I 100% agree that any statement you are going to run on production should have been tried on dev & test first. However when you are talking about deletes (and updates, and inserts for that matter) there is a good chance that the data is going to be different, causing potentially different results. That means that while you may have tested out your query and are certain it will work structurally you can’t be sure it will work data wise and it’s a good idea to test (yes again) with a SELECT before running in Prod.
Now you do see environments where the dev/test environments are identical to production and refreshed on a regular basis but those have issues of their own (particularly with security) and so you don’t see them too often.
Thanks for the comment! And yes, that F5 key is way to easy to hit accidentally 🙂
Another way to do this is to set it up so that ROLLBACK is a default and perform extra default logic that leaves an audit trail to look at your work. I have loads of test programs, procedures and the like for DB access and always set a “test flag” and check it. Once ready, simply comment it out and leave a note explaining how you could test it. I never remove the rollback code, I simply comment it out and leave it ready in case someone else has to work on it.

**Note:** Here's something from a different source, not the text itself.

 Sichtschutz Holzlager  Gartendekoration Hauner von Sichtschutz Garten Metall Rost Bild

I work as a DBA so I don’t write a LOT of code but a lot of what I do write is dangerous and used for diagnostics and troubleshooting and cannot always be tested anywhere but a production system. .

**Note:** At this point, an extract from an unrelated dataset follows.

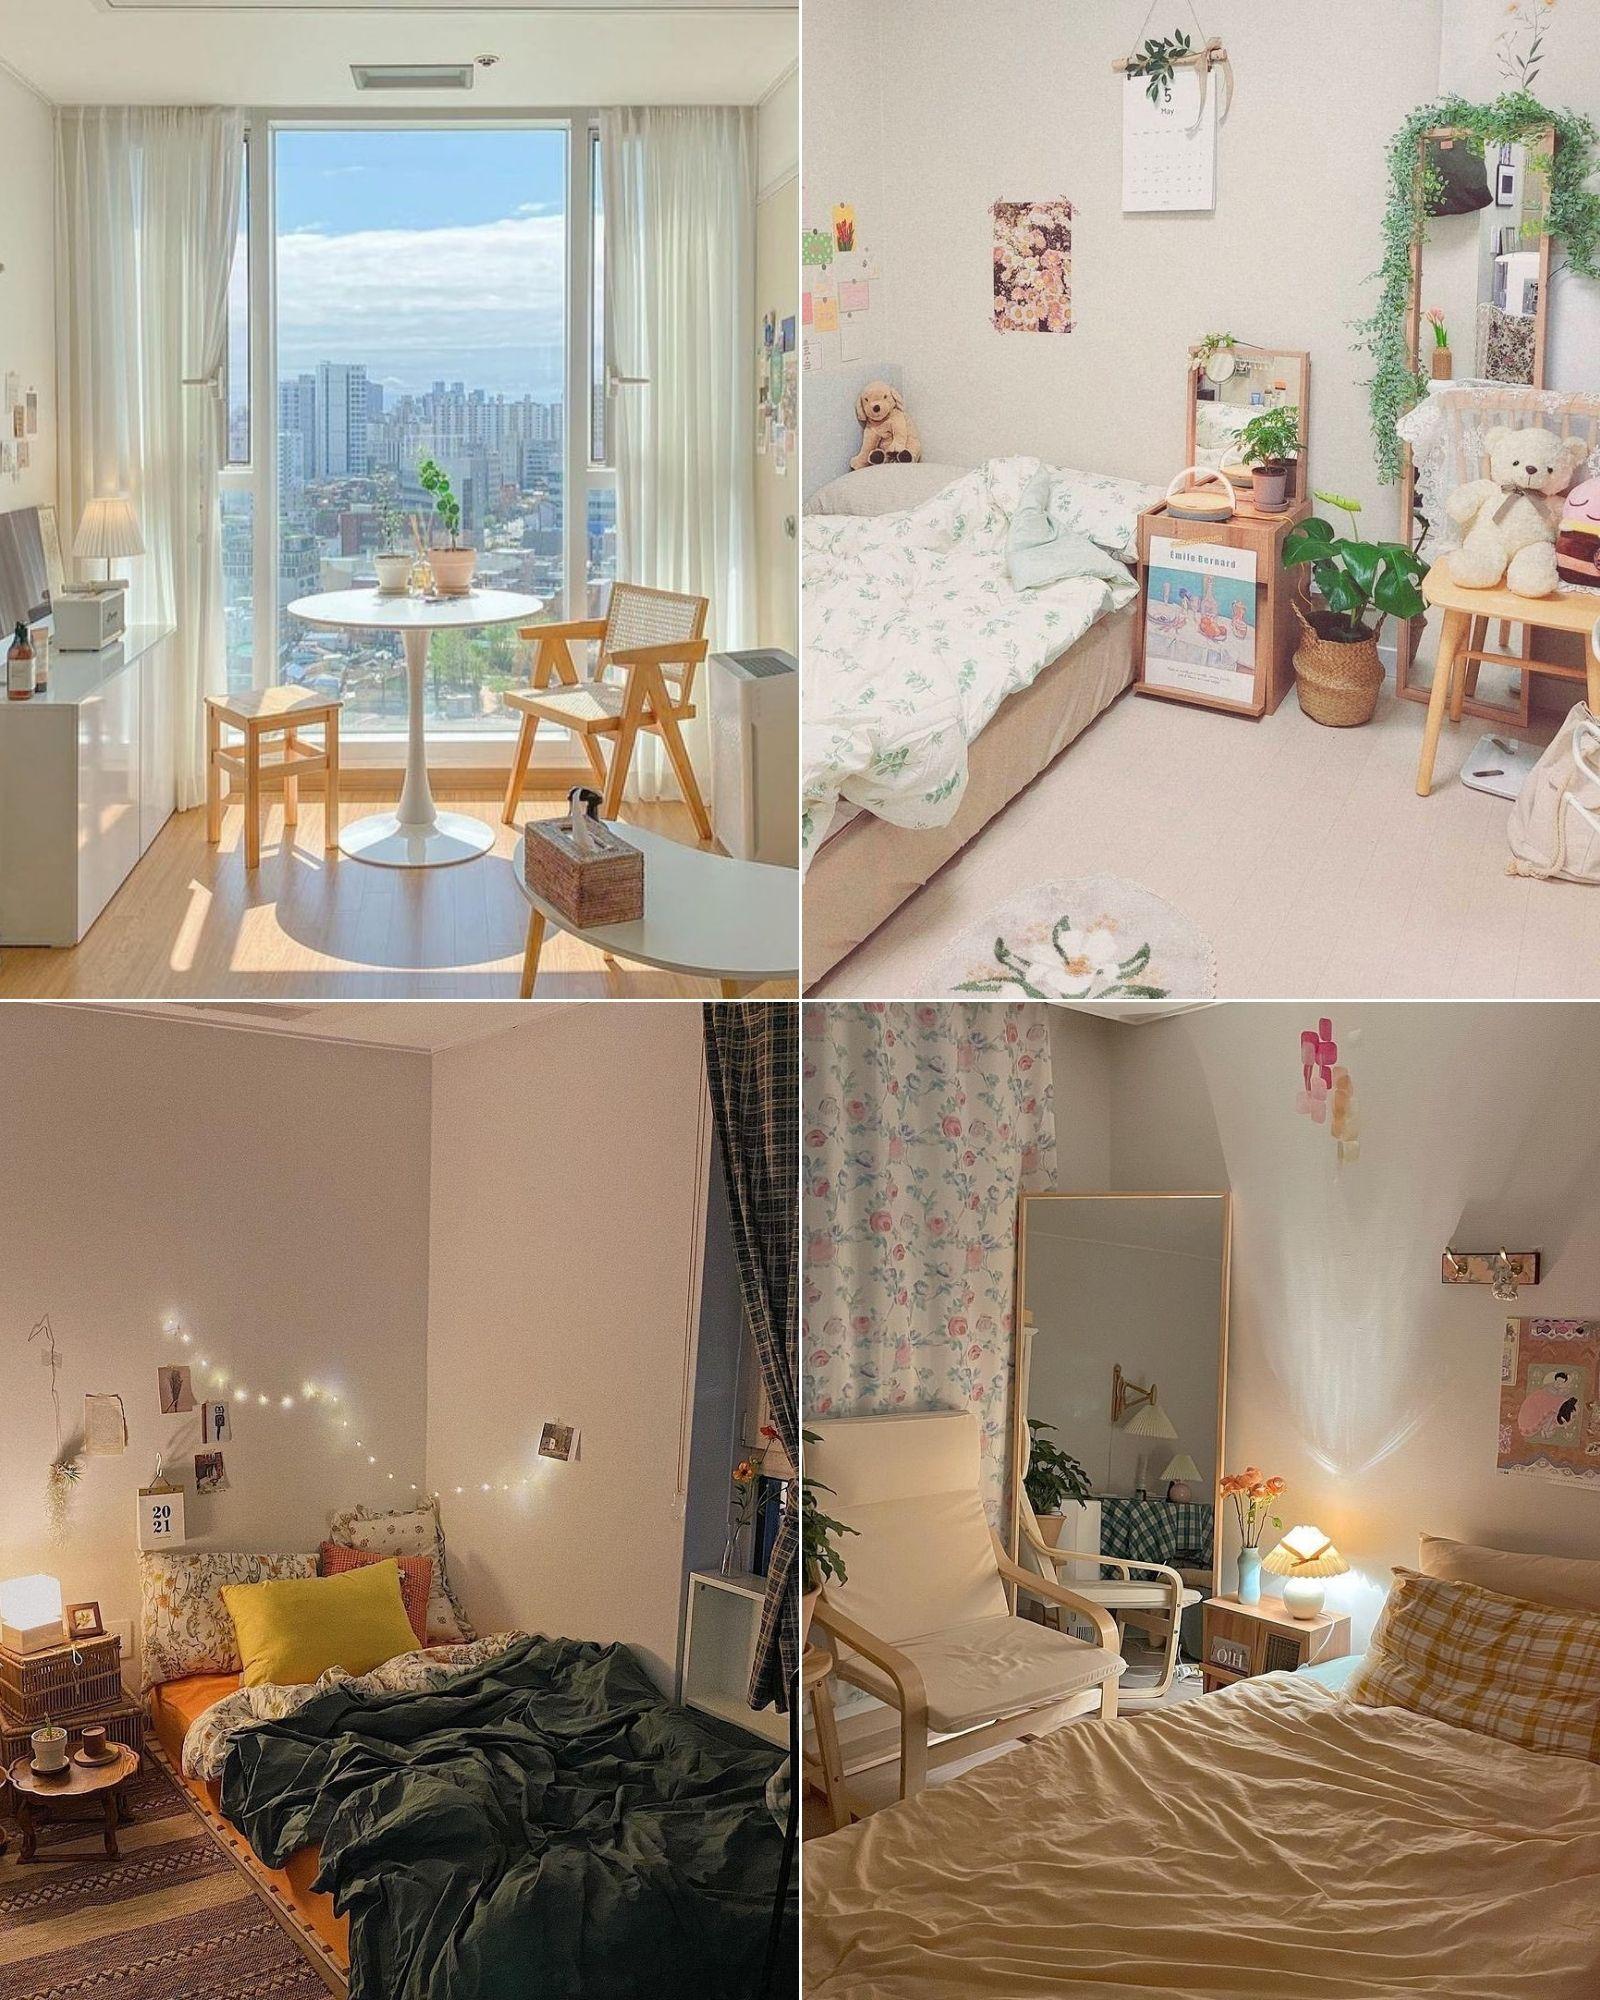 Tài khoản Instagram @oneroom.make truyền cảm hứng trang trí phòng

You probably aleady know this but the only thing I would warn you about is that as a DBA at least some of your commands are not going to be affected by transactions and at least in some cases you won’t even get an error.
I learned this the hard way years ago when I deleted millions of rows in a table because my WHERE clause wasn’t correct. I had to do a point-in-time restore of the database and luckily didn’t lose anything except an hour and a half of time. Since then, it’s SELECTs and BEGIN TRANSACTIONs for me!
Learning that way is one of the most painful ways to learn, but boy you don’t frequently forget.
Thank you for the posting. Your first code section reminded me of something I started doing a while back. It’s not going to work in your CTE permutations, but… I commonly add a safety to my delete scripts like this:
You have to deliberately highlight the DELETE and the rest of the query without the comment. Of course it’s not completely fool-proof, but it protects against the stray F5 and it also guarantees that your SELECT and DELETE commands are identical. Failing to highlight your WHERE clause would be painful, but that is always a theoretical risk. I am not claiming credit for it for this idea… just passing it on.
Good suggestion. Actually it will work with CTEs if you do it just slightly different. Instead of highlighting the bit you want uncomment the DELETE and comment the SELECT then run. Then as soon as you run undo 2ce to “fix” the comments back.